The Rolls-Royce share price is rallying! Should I buy?

Rolls-Royce's business aviation engine, the Pearl 700

It’s been a good few weeks for the Rolls-Royce (LSE:RR) share price. The UK aerospace company saw its stock rise by a respectable 10%, pushing its 12-month performance to just under 22%. That’s hardly stellar growth in comparison to some of the tech stocks out there. But for a struggling business that was significantly impacted by the pandemic, it’s some encouraging progress. So, what’s behind this upward movement? And should I be adding it to my portfolio?

The rising Rolls-Royce share price

The financial position of Rolls-Royce seems to be heading in a positive direction. The management team recently released its half-year earnings report with some promising results. First and foremost, the risk of bankruptcy that Rolls-Royce was facing in 2020 seems to have subsided. The net debt position is still firmly in the red at around £3.1bn. However, thanks to successful re-negotiations with creditors, the company has no debt maturities until 2024.

This certainly provides some breathing space to get the balance sheet in a stronger position. And the reinvigoration process has only been accelerated thanks to the successful sale of Bergen Engines to Langley Holdings. As a reminder, the sale of Bergen is part of a refocusing effort to raise £2bn through disposals. This is a particularly exciting milestone, as an earlier attempt to sell the business had been blocked out of national security concerns.

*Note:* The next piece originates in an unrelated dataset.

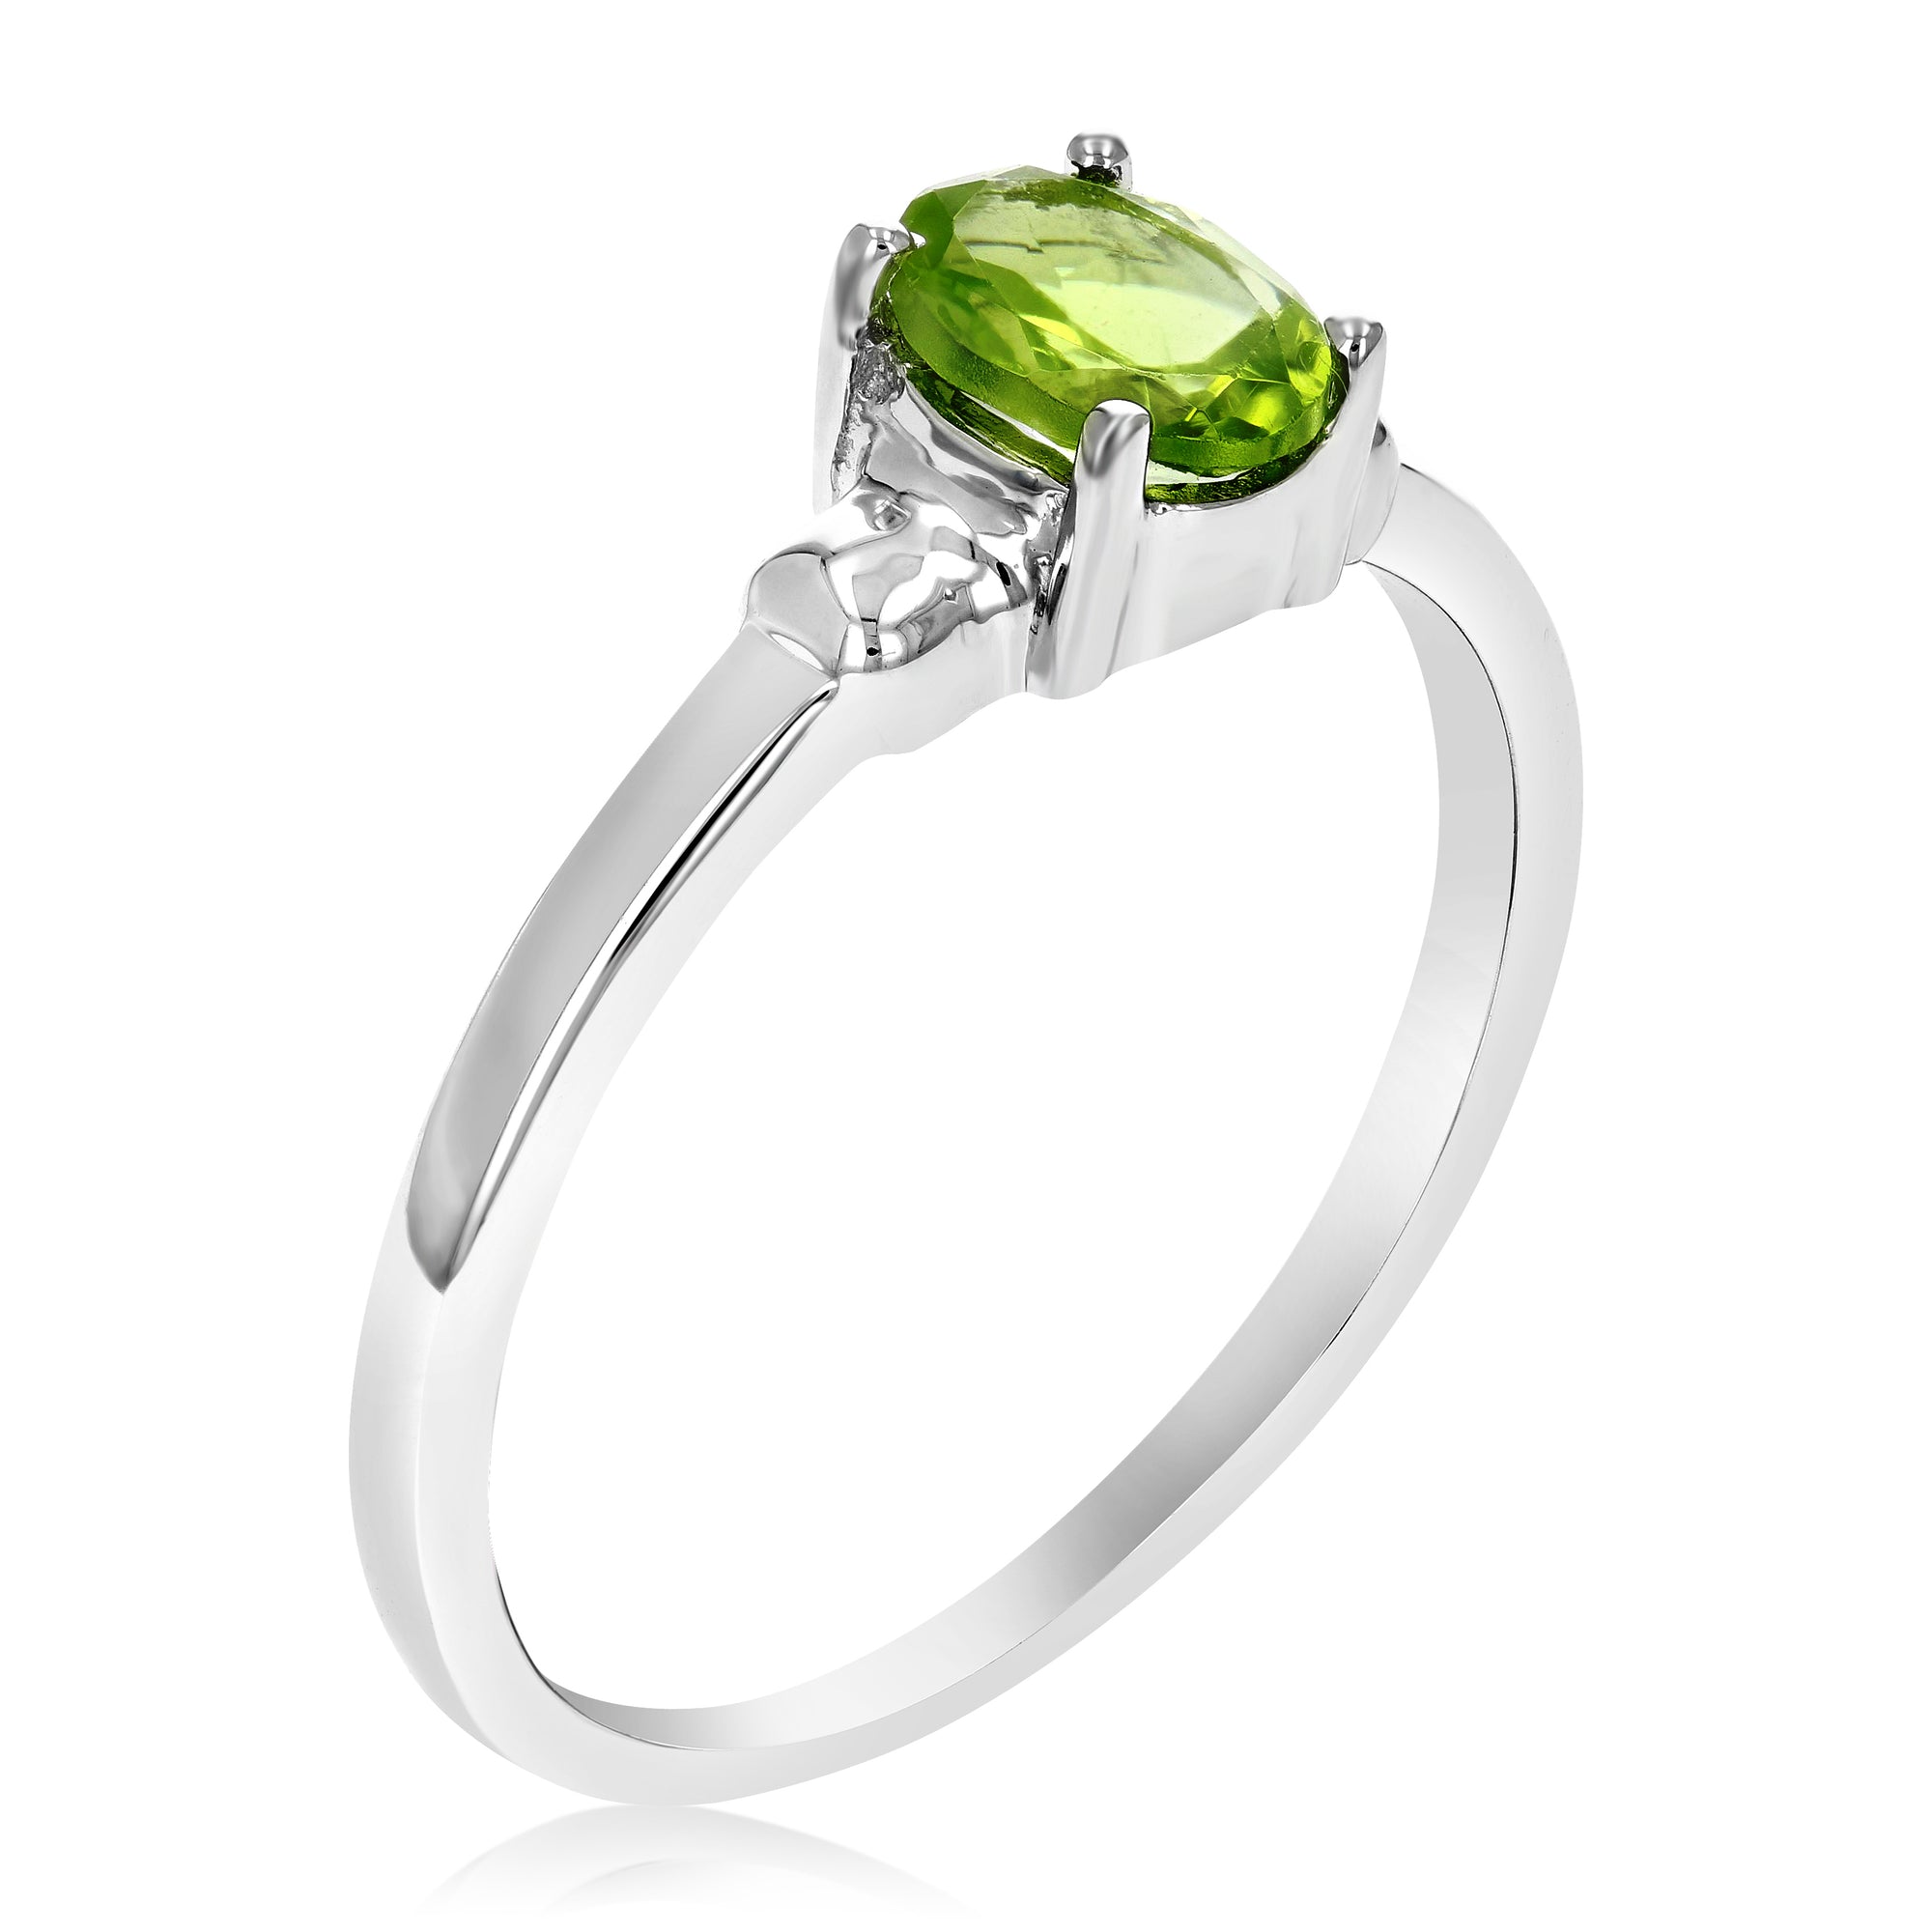 0.70 cttw Peridot Ring in .925 Sterling Silver with Rhodium Plating Oval Shape
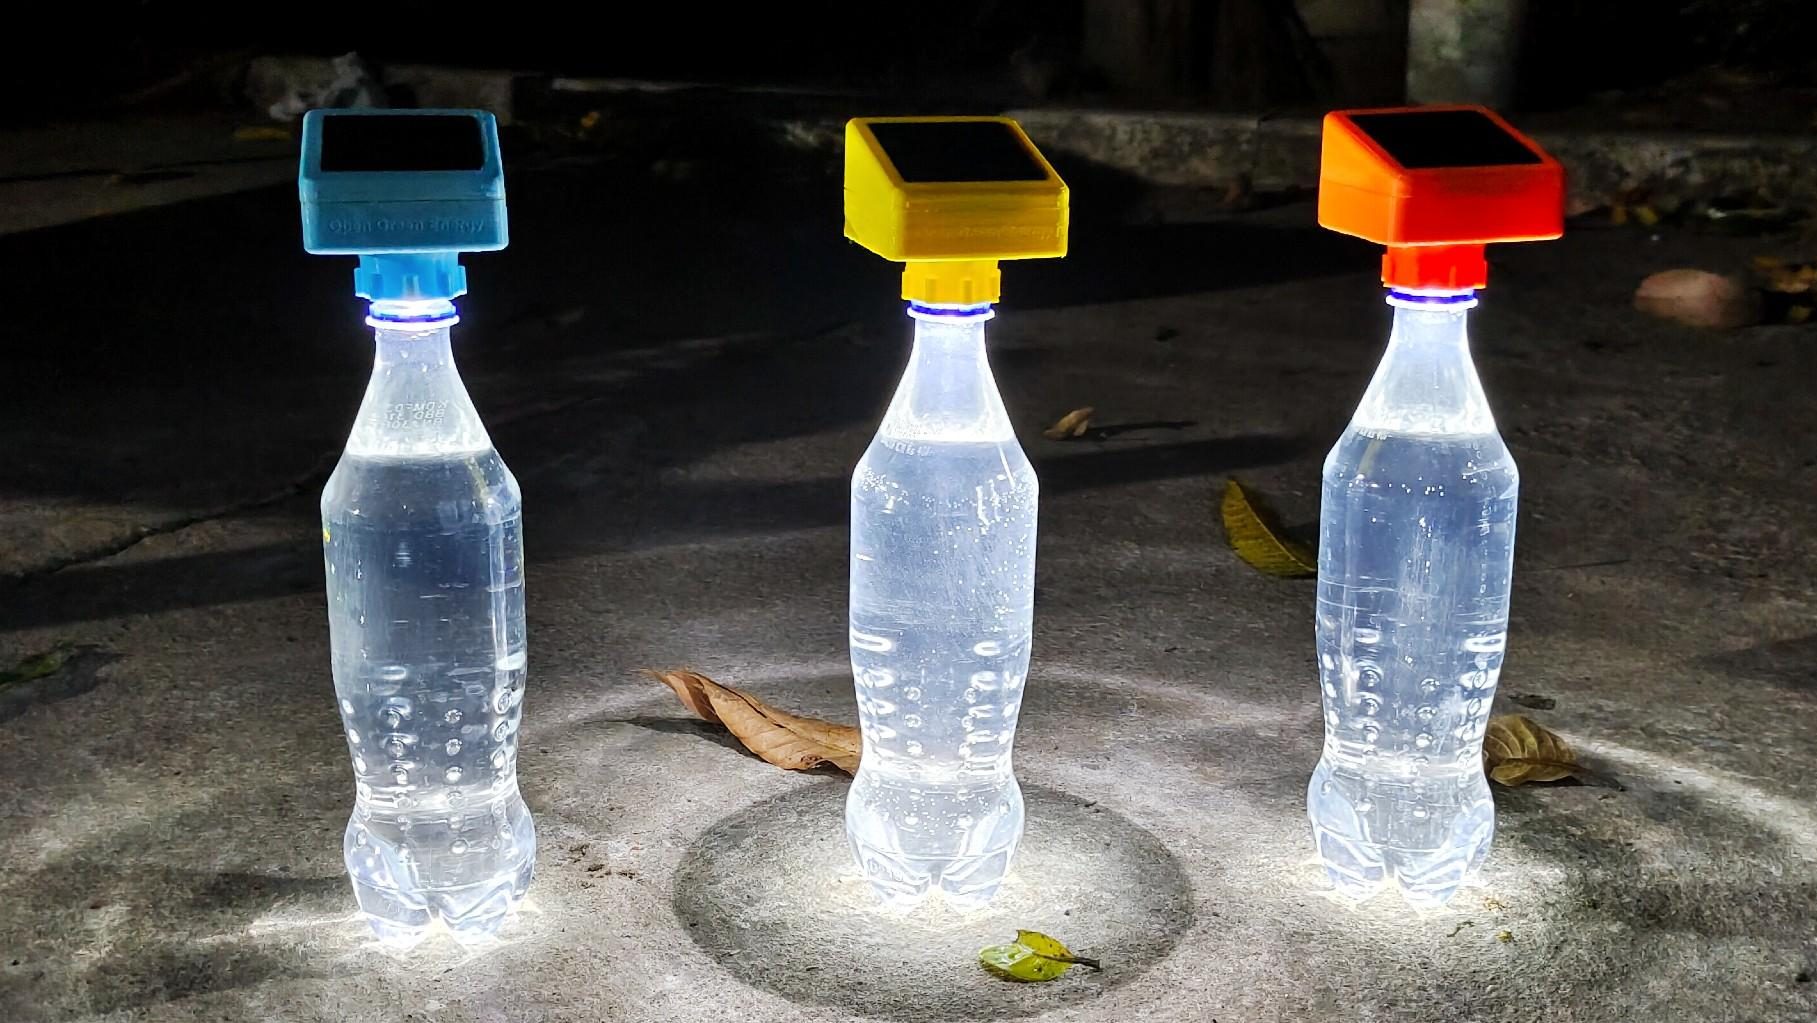 You Can Turn Soft Drink Bottles Into Handy Solar Lamps

While travel restrictions are slowly being eased, the airline industry continues to suffer from disruptions. Consequently, revenue for Rolls-Royce over the last six months fell by 9% compared to a year ago. But thanks to the firm’s operational restructuring, it actually managed to turn a modest underlying profit of £307m versus a loss of £1.63bn last year. So, I’m not surprised to see the Rolls-Royce share price taking off.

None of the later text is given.